NIP: Tools of the trade — Baby Carriers

One of the things I love about breastfeeding is that it is pretty light in the gear department.  Mostly, I’ve already got what I need built in, although I do have an electric pump for when I’m at work, but when I’m with my son, there isn’t really much gear I need. One of the things I hope to teach Jesse as he gets older (and, at 11 months, I’m starting to now) is the difference between a need and a want.  I think the NIP gear I describe below definitely falls into the latter category, although it is very, very, useful.

NIP at Sergei's Bar Mitzvah

NIP at my cousin's Bar Mitzvah.

A Baby Carrier
My life totally changed when I learned how to nurse in a carrier.  I was all about the baby wearing right from the start, especially once winter really set in and a stroller wasn’t very practical on city streets, but I kept trying and failing to nurse in a carrier.  It made it much more difficult to nurse on the go, because I had to gauge how much time was left in a bus ride or train ride (to make sure I had time to get the carrier off, nurse, and get Jesse back in securely), or find some place to sit down.  Most of the instructions I found online (and in my Moby instruction book) suggested shifting the baby into a cradle hold to nurse, which involved loosening the carrier and, well, shifting the baby, which I found to be a huge pain.

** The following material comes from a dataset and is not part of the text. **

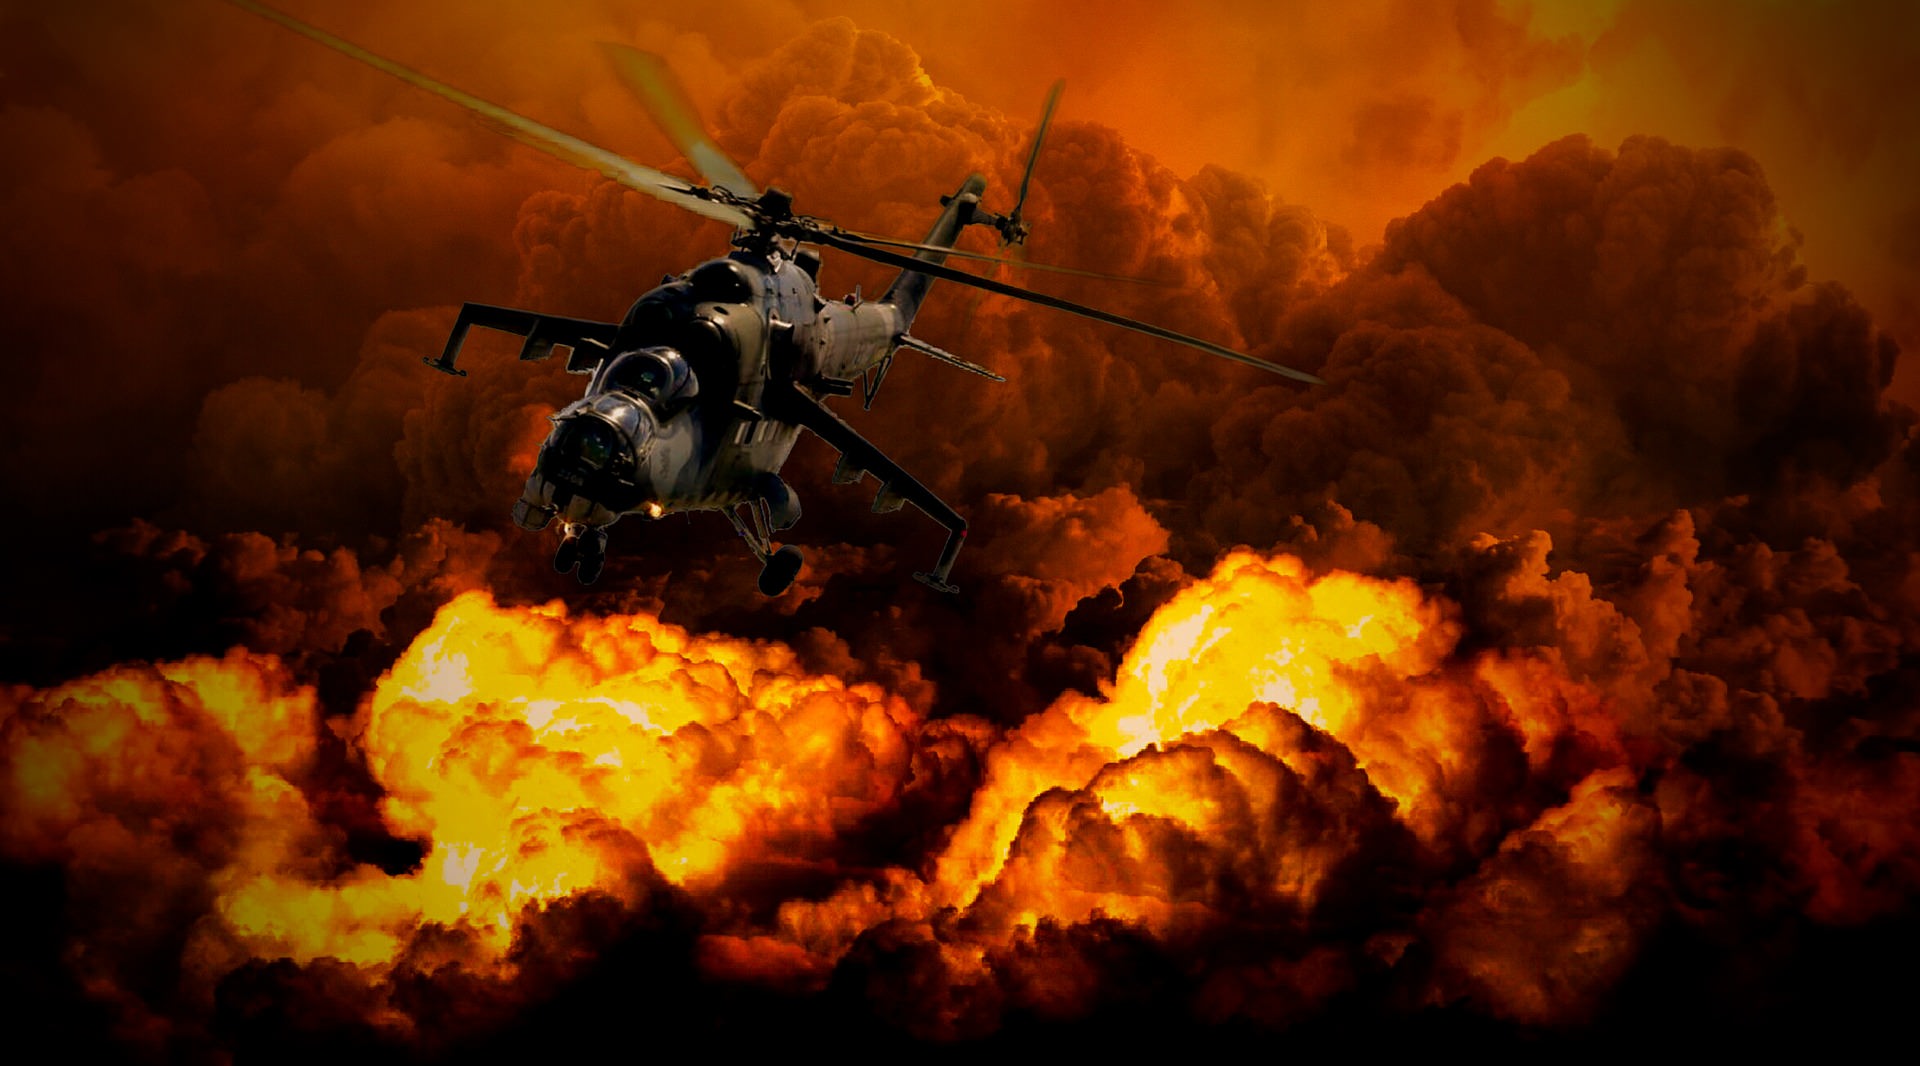 helikopter-rat-pixabay.jpg

My husband, who fed Jesse bottles of expressed milk while I was at work, took to carrying him in a pouch sling, with a bottle propped against his chest as a way to get some hands-free time.  Jesse just sat up straight and held the bottle, with help from friction, and ate.  I was totally jealous that I couldn’t feed him so easily in a carrier, until one day, I saw a friend nursing her daughter in her Ergo at a Boston Babywearers meeting.  Baby R was sitting up, and my friend had just moved her breast to bring it up to R’s mouth level — there was no shifting, and very minor loosening!  It was like a lightbulb went off in my head, and when she showed me how she did it, my life changed.  I could now nurse while walking down the street, while running for a bus, when there wasn’t a place to sit.

I definitely learned a very valuable lesson that day:  there are multiple ways to nurse in a carrier, and what works best for you will vary depending on how much of the work your baby can do (older babies need less help getting set up and staying latched) and how your body is shaped.  Another friend, whose breasts are shaped differently, said she could never nurse her babe sitting up like I do, but finds a cradle hold in a carrier to be what’s easiest for her.

Now, I do have a bit of a carrier addiction — in our house, we currently have a Moby (stretchy wrap), ring sling, two pouch slings (one sized for me, one for my husband), a mei tai, a Beco Gemini, a Boba, and a Vatanai woven wrap (my husband’s favorite).  As I said before, this is by no means a necessity. You can definitely nurse in public successfully, and discreetly, without a carrier, but boy oh boy does a carrier make it easier.  As far as I’m concerned, this is one of my favorite parts about baby wearing!!